The Workshop: Heroes on Demand – Serenna, the Drowned One (D&D 5e)

Artist unknown.

This concept actually came to mind when someone asked for songs pertaining to concepts of “death at sea” and my recommendation of Great Big Sea’s “Safe Upon The Shore” from the album of the same name, about a young girl who pleads with the powers that be to return her lover safely to the shore, only for the sea to answer her by washing his wrecked ship with his lifeless body aboard it upon the rocks. It’s a hauntingly beautiful song, sung a capella by the incomparable Sean McCann, and as I thought about it I realized that it could be the seed of a D&D character.

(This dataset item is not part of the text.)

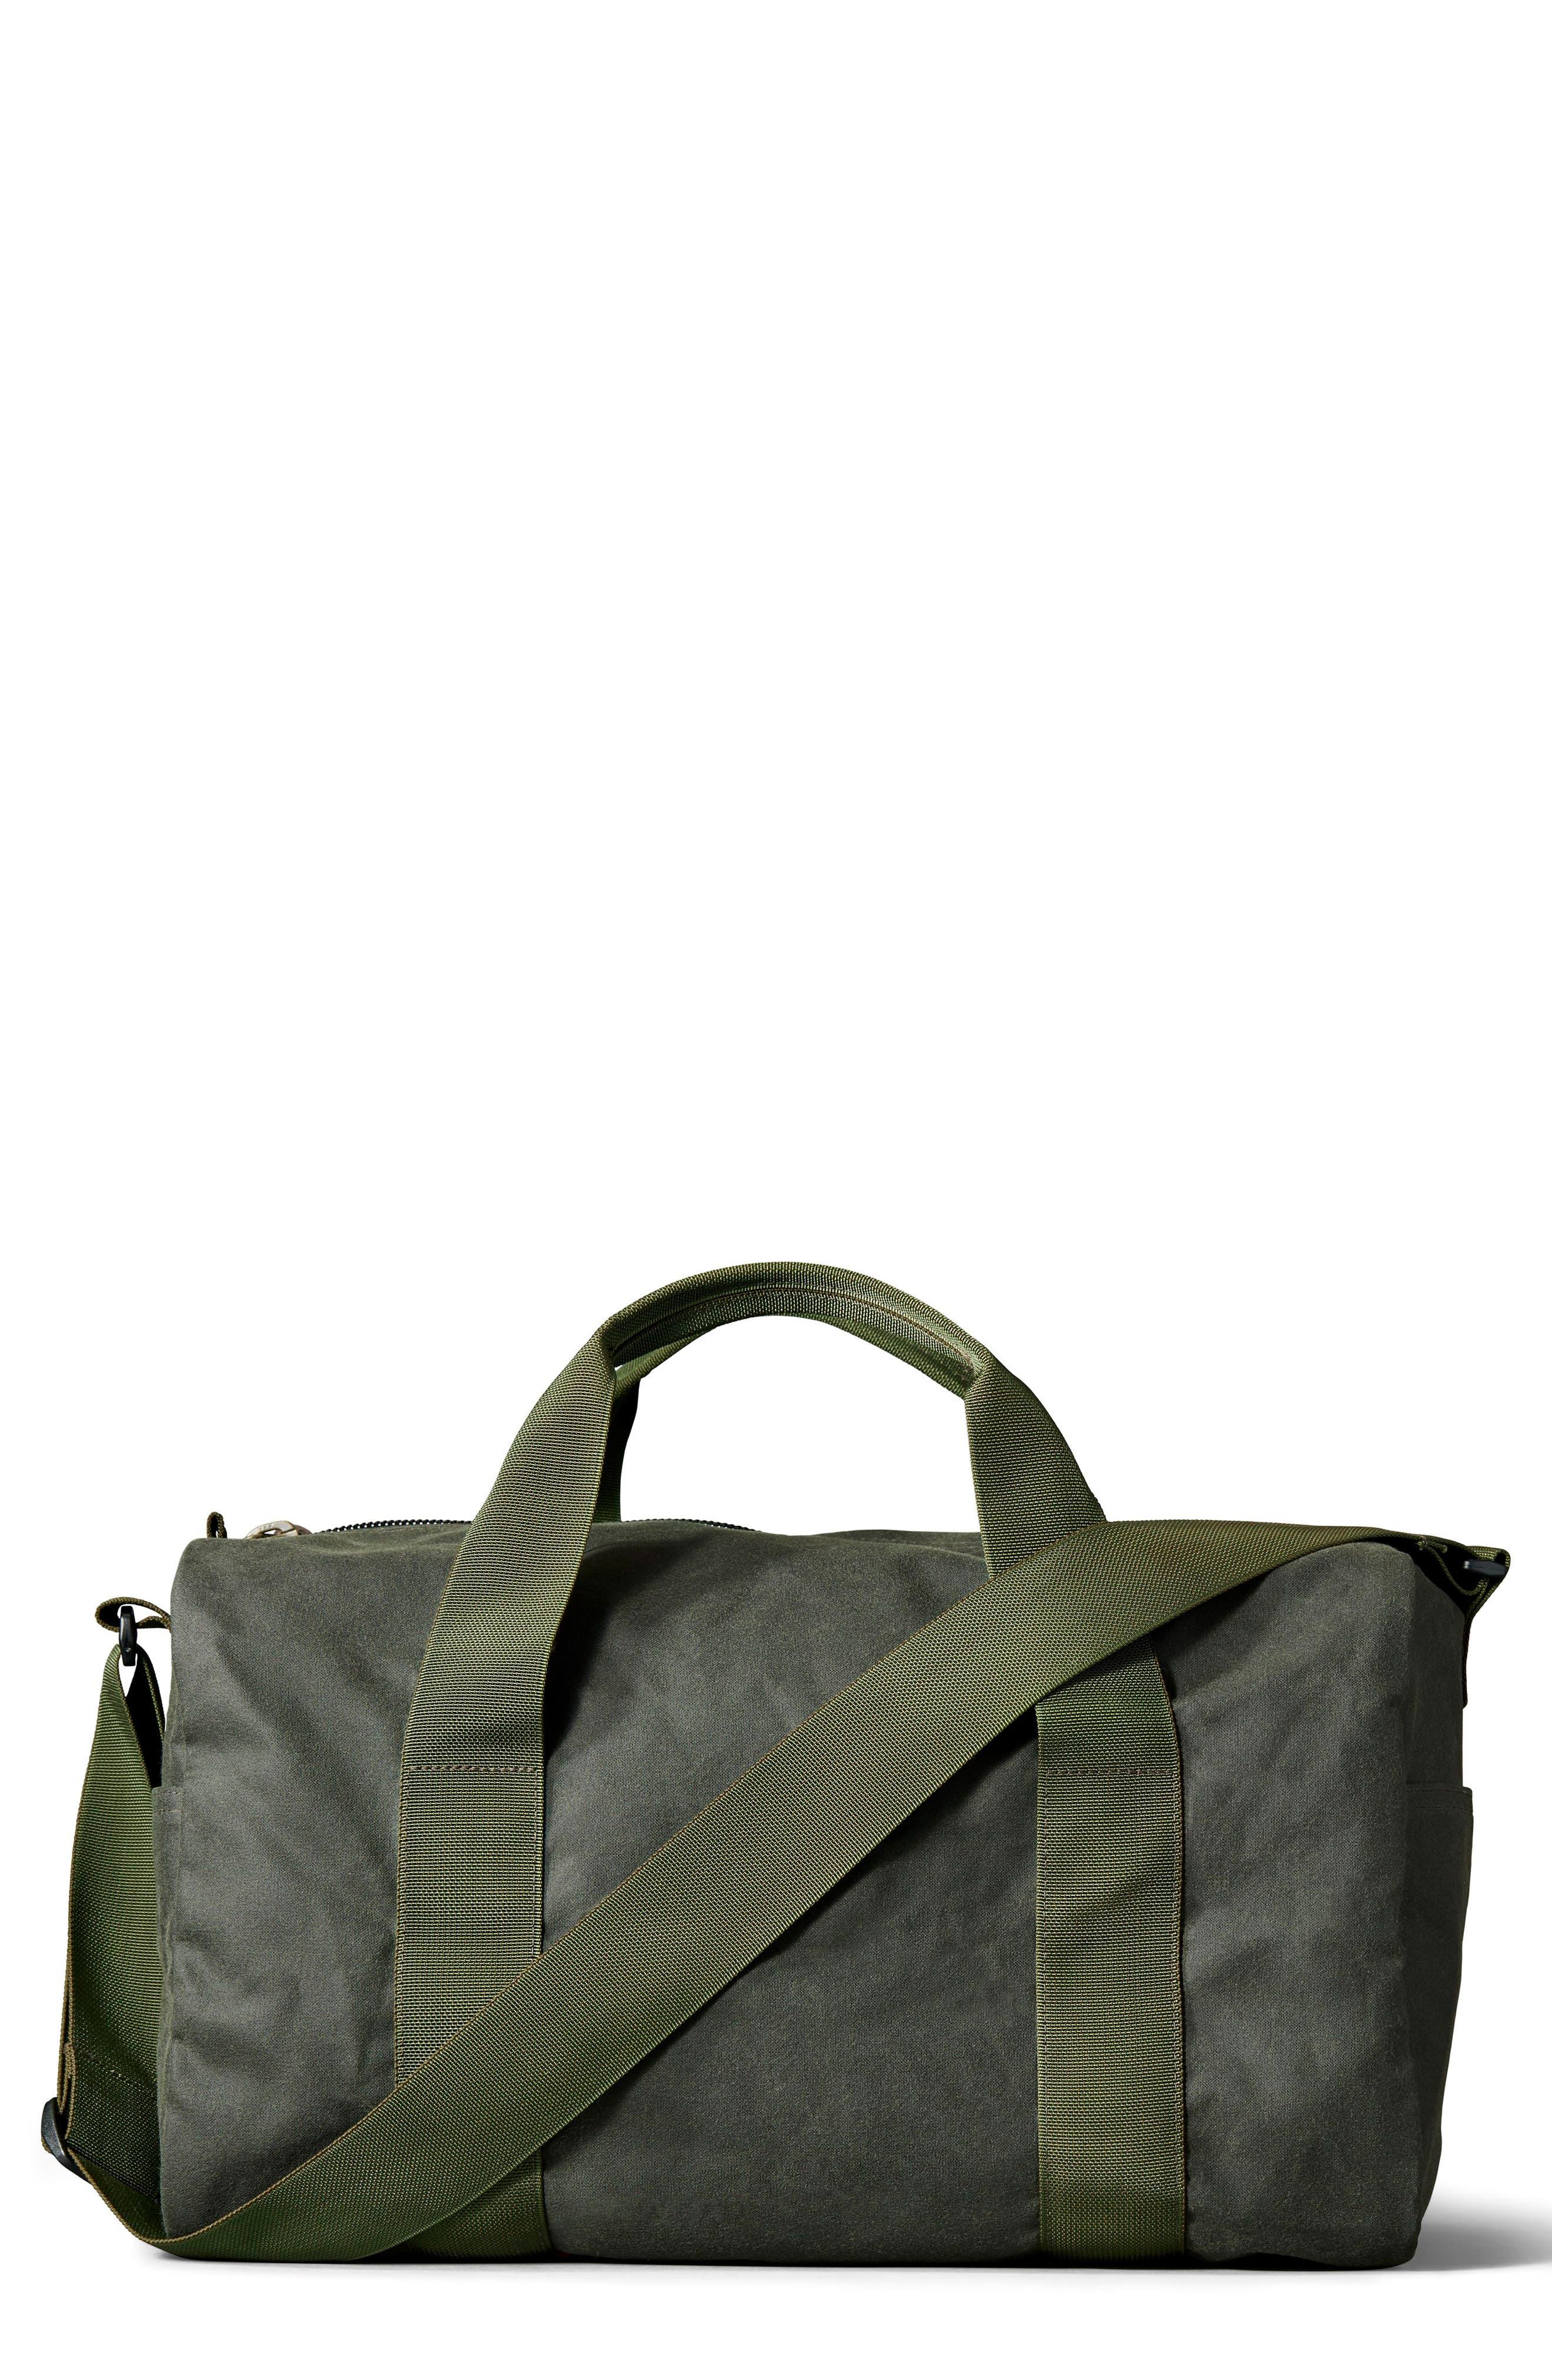 FILSON,                             Medium Field Duffel Bag,                             Main thumbnail 1, color,                             SPRUCE

Serenna was born in a small coastal village and lived a life of relative peace and prosperity. She fell in love with a fisherman’s son at an early age and was to marry him when life had other ideas. A war with the neighboring kingdom saw him and several other young men taken aboard the king’s navy as sailors. Every day she went down to the shore and prayed for his safe return, until the day a king’s messenger showed up with the news that the ship was lost with all hands during a monster attack. Despondent, Serenna ran down to the shore and pleaded with the ocean to return her love to her, crying and screaming at the gods in their indifference until at last she fell asleep. When she woke up, she saw a ship in the distance, floating ever closer. As it got closer, she saw that it was a wreck, but there was a figure on the spar, and with joy she soon recognized that it was her fiancé. She ran out into the waves to meet him, swimming to the wreck.

Assassin’s Creed Black Flag concept art by Martin Deschambault

After tearfully telling him of the message the village received, he confirmed the story. The last thing he remembered was being thrown overboard in a battle and the sensation of drowning. The next thing he knew, he was back aboard the ship as it drifted towards the coast. Serenna didn’t question their fortune and brought him back to his home, got him cleaned up and fed. But over the next few days she noticed some things that were… unnatural. He wouldn’t drink fresh water, instead insisting that she fetch him a bucket of sea water, drinking only from that. Furthermore, he had a persistent cough, hacking up water, even if he hadn’t drank anything. He grew pale, and his hair began to fall out.

And then one night the transformation completed, and he became a lacedon, the same monster that had attacked his ship and threw him overboard, but not before inflicting a wound with their terrible claws. He rampaged through the village, killing dozens before he was finally brought down by several retired soldiers that had made the village their home after they managed to arm themselves. Once again Serenna rushed down to the shore in terror and disbelief at what had happened. And while she screamed at her second loss of her fiancé a voice spoke to her in her mind, but as if it came from deep under the surface of the ocean. It said that her fiancé was already doomed. He had sustained a mortal wound from the ghouls and would have turned into one of them regardless. But the voice said that it had heard her pleas and healed as much of the wound as it could to give her a few more days with him. And in return, it required a task from him, or the rest of the village would be at risk from the rest of the ghouls that followed the shipwreck home. She must go to her fiancé’s body and dig out one of his eyes and bury it in the sands to prevent the rest of them from emerging. She refused and fled away from the village in horror at what she was being asked to do.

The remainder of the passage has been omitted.